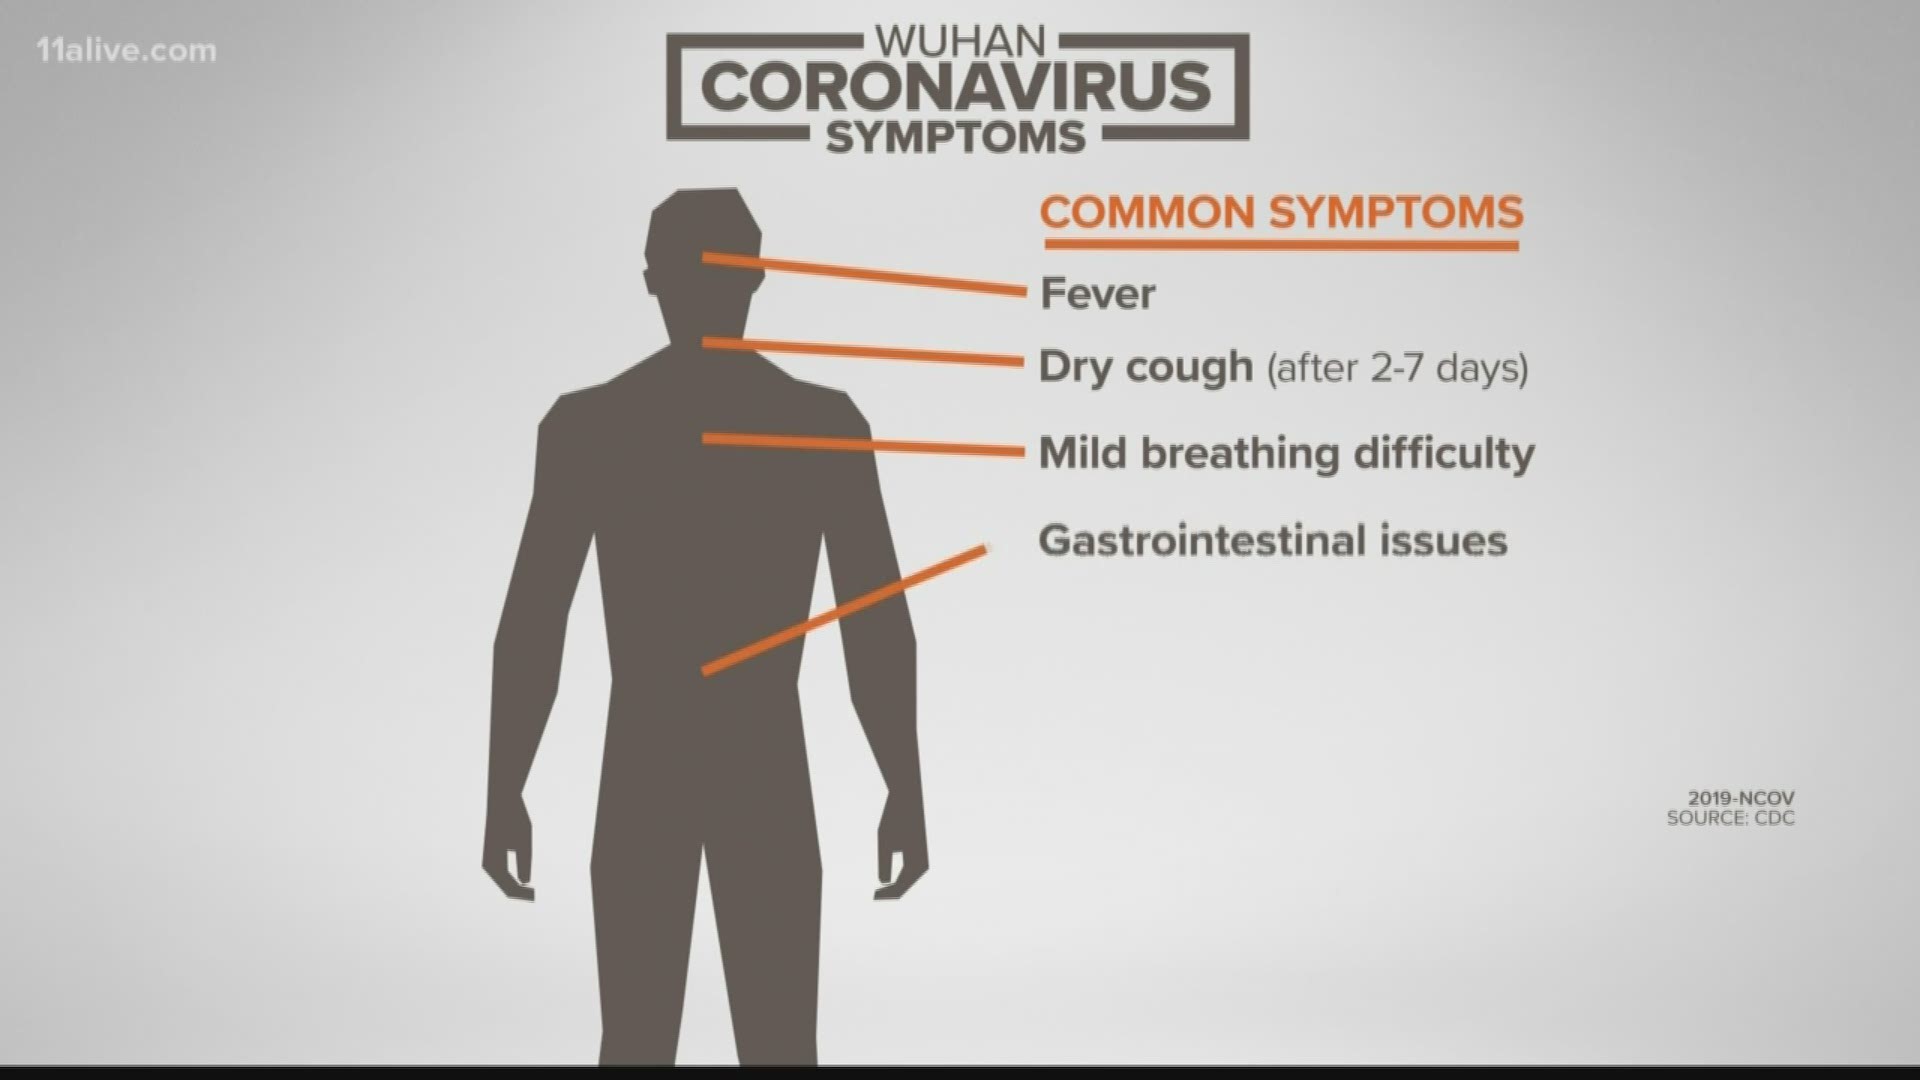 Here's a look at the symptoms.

******

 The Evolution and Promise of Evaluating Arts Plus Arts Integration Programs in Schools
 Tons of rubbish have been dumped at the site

******

Requirement> Looking at the data above, write out exactly the lines that start at the one containing "The Evolution and" and end at the one containing "Tons of rubbish have been dumped at the site"; include both and nothing beyond.

Response to the exercise>
 The Evolution and Promise of Evaluating Arts Plus Arts Integration Programs in Schools
 Tons of rubbish have been dumped at the site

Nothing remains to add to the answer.